How tight is your house? Where does the combustion air for the stove come from?


----------



## taxidermist (Jan 16, 2013)

SIERRADMAX said:


> I'm fighting a terrible downdraft from my exterior 3 flue chimney. I'm getting smoke down the cold wood boiler flue from a woodstove on the floor above. Smoke is exhausting through the barometric damper. I've covered with a trashbag and temporarily sealed with tape. Am I better off removing the barometric and placing a cap? Not sure on performance with or without.


 
why are you using both burners? I would not remove your damper it keeps your boiler tuned all thru the burn.

My video shows why


----------



## SIERRADMAX (Jan 16, 2013)

Current wood boiler install is in progress. My house has a three flue chimney on the exterior and is 30'+ tall. I know this isn't desireable but it's what I have. One flue serves a woodstove on the main floor, a second serves an oil boiler and the third flue is used for the Econoburn (not in operation); both in a full basement. I don't intend on operating a woodstove & the econobrun at the same time. But, after I installed the flue pipe to the Econoburn (including a barometric) and I had a fire going in the woodstove, the smoke downdrafted into the cold flue serving the econoburn and exited the barometric. For the time being, I would still like to use the woodstove, so I covered the barometric and have not had another smokey basement episode.

When I finally get the econoburn up and running, I wouldstill  like to use the woodstove from time to time. If so, II'm stuck with the same problem.


----------



## maple1 (Jan 16, 2013)

That just seems really odd - to me at least. That's why I was asking how tight the house is & where the stove draws combustion air from. There would need to be pretty sustantial draw down that chimeny for it to suck smoke down - any chance it's the stove pulling it down getting it's combustion air? Did you try cracking a window to see if that did anything?

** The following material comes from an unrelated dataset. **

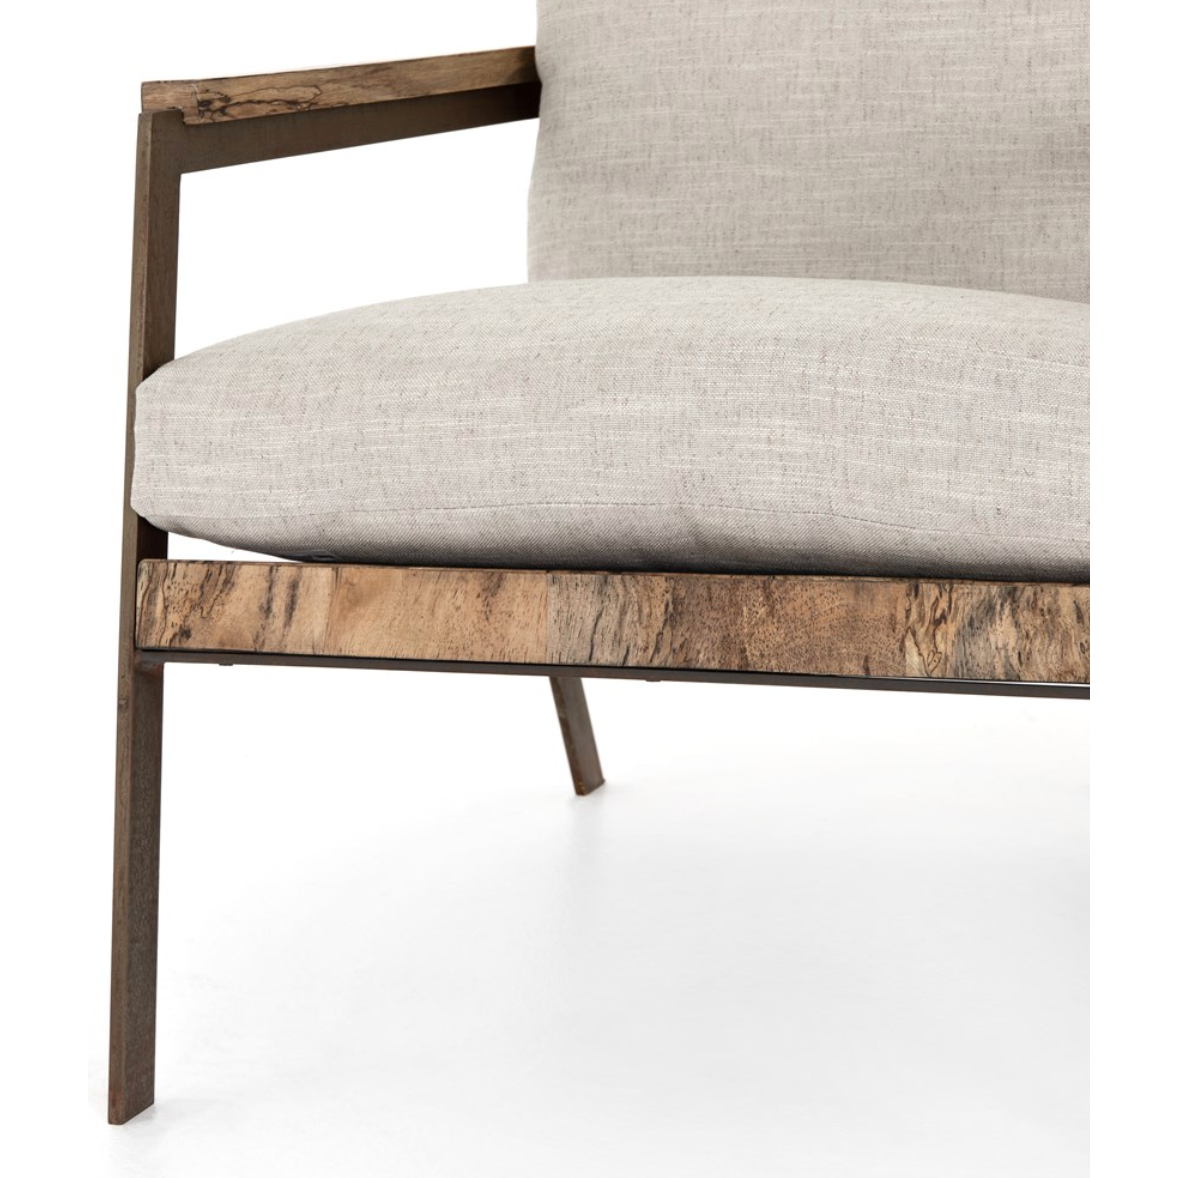 This collection features exclusive, artisan finishes. Oxidation transforms heavy materials into something light and elegant. Iron is acid-washed and sealed to preserve the moment in time. Heavily distressed, reclaimed oak contrasts with smooth, splayed legs. Geometric and flatstock underpinnings feel ahead of the curve.  Colors: Valley Nimbus, Oxidized Iron, Spalted Primavera

EDIT: Can you extend the stove chimney exit up a bit?


----------



## velvetfoot (Jan 16, 2013)

That happens to me, only a smokey odor comes down the mostly unused oil flue.
Once the wood boiler is running, the draft will  get going in the right direction.  
Of course, then it'll come down the oil flue.  
I have a Field Controls oil flue damper, that closes the flue when the oil boiler is not in use, but it still leaks some around it. 
I think I'd have to mess the chimney heights, which I'm not crazy about.


----------



## BoilerMan (Jan 16, 2013)

I'm not a fan of barametric dampers on wood apliances.  Mostly for this reason, cold flue and boiler startup, you will get some smoke out the baro until the flue warms enough to draw.  In the boiler room, you'll read of many of us who have to silicone and seal the smoke pipe due to smoke leakage during a cold startup, myself included.  It's my theory that ha higher draft from the flue means less fan speed to maintain good secondary, why let the flue suck more air out of the house when it could be sucking the woodgas into the lower chamber?  The chimney cap or lack thereof will have a great effect on draft and the wind's influence on it.

TS


----------



## SIERRADMAX (Jan 16, 2013)

I think some of my problem is the chimney cap itself. I have one cap covering all three flues. I was thinking of adding "baffles" between each exiting flue to reduce the chance of "crossdrafting"??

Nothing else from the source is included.